O my home my home, where art thou my home?

“You really look like a tourist”, my cousin giggles.

She would say that. Standing behind the counter of her little pastry shop in the heart of Cannes, France, she is completely at one with her surroundings. She flaunts the heat, her shoulders bare in her flowing strapless dress, and her hair up in a loose bun. As for me, on my first visit to my hometown in over a year, I have opted for a sleeved t-shirt, a pair of daisy dukes, and a hat.

This is tourist attire.

It’s logical: the sleeves are for protection against sunburns, the hat saves you from sunstrokes, and the shorts cool you down. You know, because your legs can’t burn. And they sweat so much more than your armpits.

Why in the world am I dressed like this? Tourists are the butts of jokes the world over, but in Cannes, a town too small to accommodate its massive tourism industry, many –myself included- come to consider them as a nuisance. No, seriously. They steal my spot at the beach and create endless lines at my favourite ice cream parlour. And they don’t rub their sunscreen all the way in. I mean, what’s with that?

I’m all for building bridges, but I have no interest in seeing how that other half lives. I grew up defining myself in opposition to these guys, I can’t be one of them.

I have only been mistaken for a vacationer by association so far- as I was showing American friends around, for example. The confusion had never reflected on my own ability to fit in. If anything, I found these instances enlightening, as they allowed me a glimpse into the tourist experience in my own country. How the other half lives, observed though a glass window.

Well, it would seem like I leaned against said window a bit too heavily, forced it open and tumbled onto the other side. I don’t remember the name of the streets. I can’t find familiar shops, but look for others that are long gone. When my cousin says her husband now works in Fréjus, I explain to my boyfriend that it’s a 2-hour commute, only to be instantly corrected- it’s a mere 30 minutes. “You were born here, you sure?”, my cousin now smirks.

And to say, I had hoped this trip would cure my homesickness. London had started feeling like a strange city again, where I would always be inadequate and different.
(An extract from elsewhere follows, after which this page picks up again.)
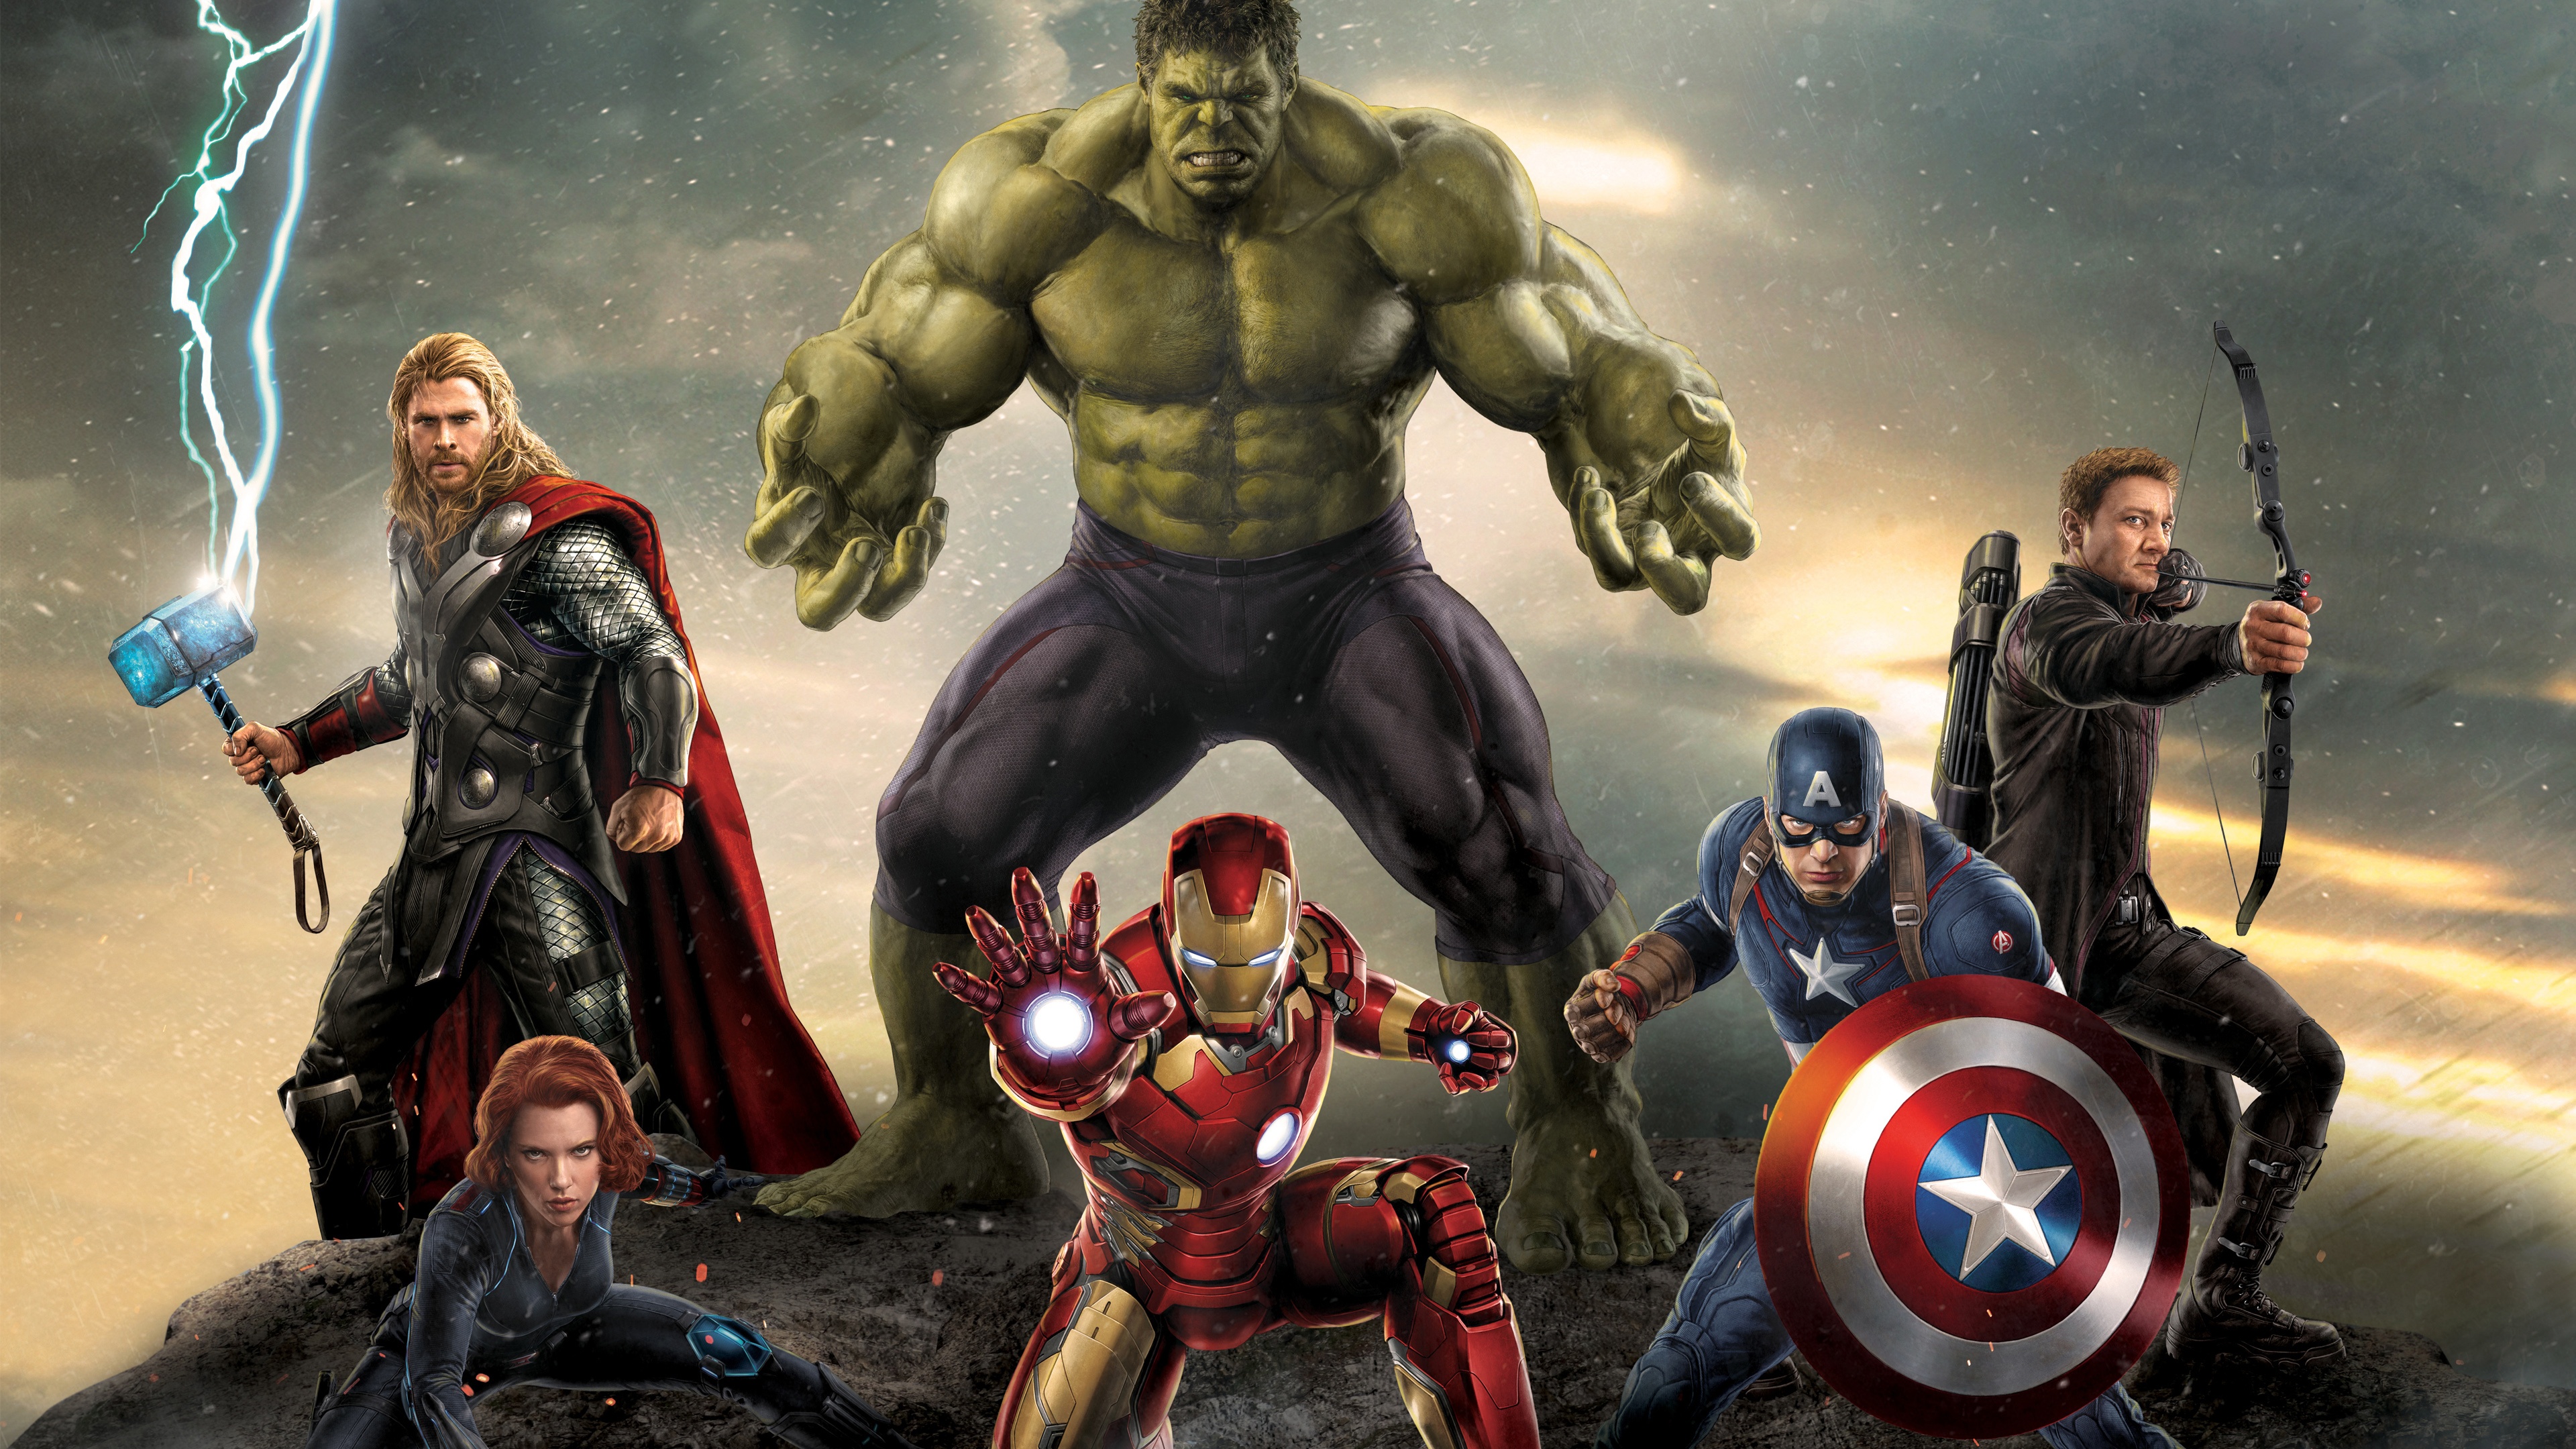 Wallpapers Tagged With AVENGERS | AVENGERS HD Wallpapers | Page 1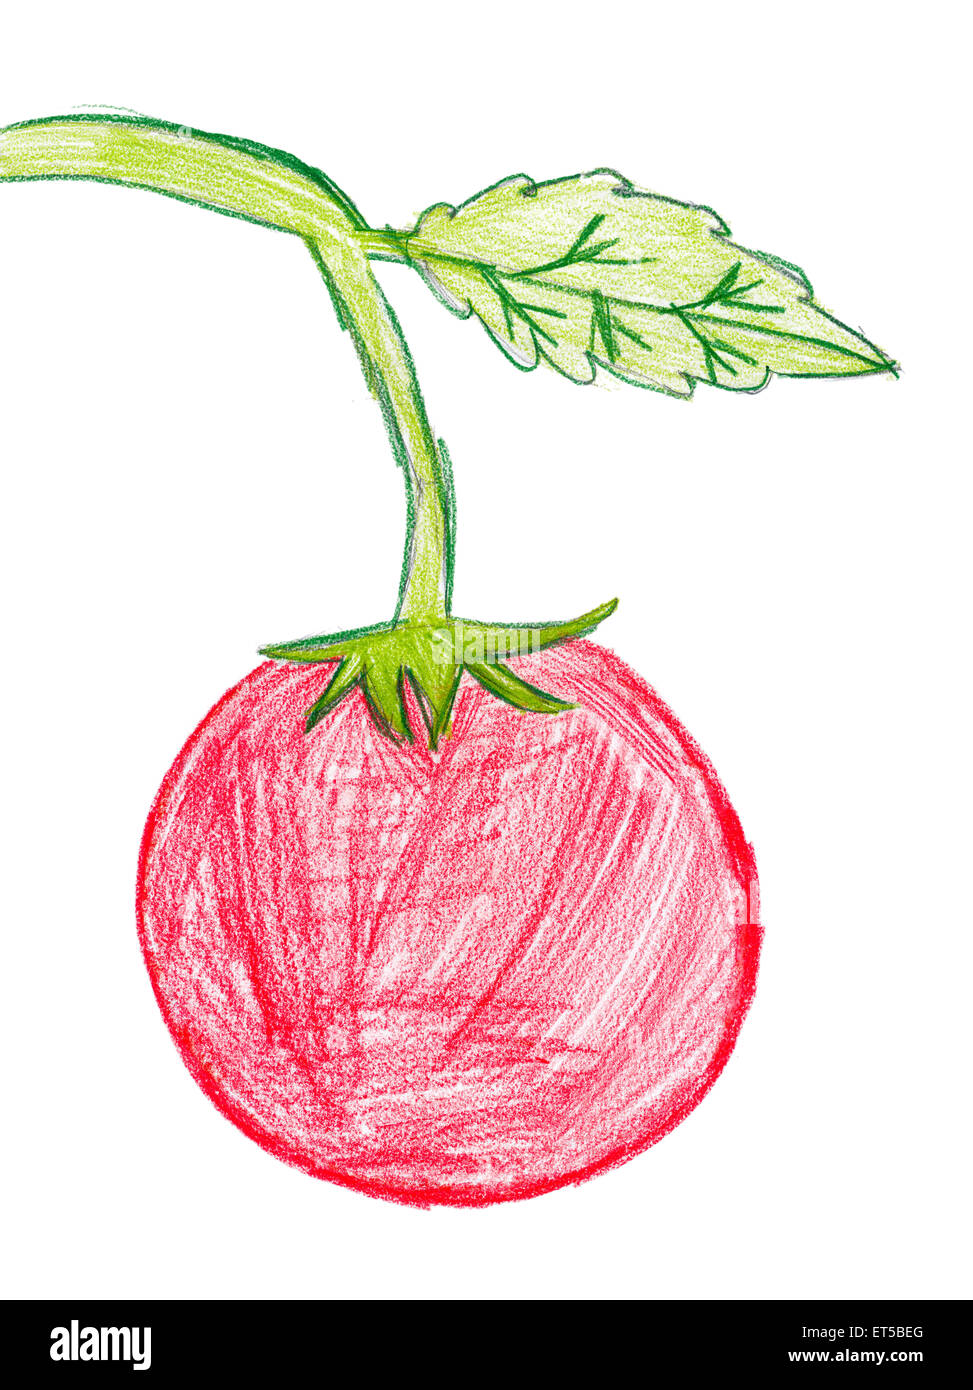 How to Draw a Tomato Step by Step  EasyLineDrawing

Remembering my experience of culture shock in Tarrytown, I figured that going home would help me reboot. Only I had taken “home” for granted. Absence makes the gal a foreigner.

“Take me to a cool place tonight”, Erik requests, lounging in his chair in a bar of the old town.
“There are no cool places in Cannes, it’s all show-off rubbish”, I snap back.

I pause. If Cannes is no longer home, my opinion of the Cannes nightlife (which made me use a term a lot stronger than “rubbish” by the way, if only because I still can’t say “rubbish” without feeling like a fraud) is not worth much. A gem of a little edgy bar might have popped up on the commercial street for all I know. And my new tourist status means that I might now be in a position to enjoy the show-off rubbish.

Erik nips to the bathroom. The two waitresses, all bare shoulders and trendy clothes, are wiping glasses and having a gossip behind the bar.

I wonder if the Golden Square is still the place to be. This concentration of bars and restaurants, spread on no more than two blocks, used to represent everything I hated about my hometown: the posing, the perpetual partying, and, yes, the tourism.

I sigh. I walk over to the bar.

“Hey, we’d like to go out tonight, and I…I haven’t lived in Cannes for a while. Can you recommend a place?”

The two girls ponder. Do I want to eat or dance? If it’s live music I’m looking for, or exotic food, I’m going to be disappointed.

“What about the Golden Square?”, I suggest.

They nod. Of course, why hadn’t they thought about it.

“People still go to the Golden Square?, I ask in disbelief.

A bitter smile appears on the barmaid’s face.

“Nothing really changes around here.”

I grin back.

I may still have a home, after all. Cannes and I will have to re-negotiate the terms of our relationship, but I can never be a tourist there, not really. Not so long as I refuse to wear closed footwear in the dead of summer, anyway. Seriously guys, sneakers on the beach? Socks in sandals? You’re asking for it.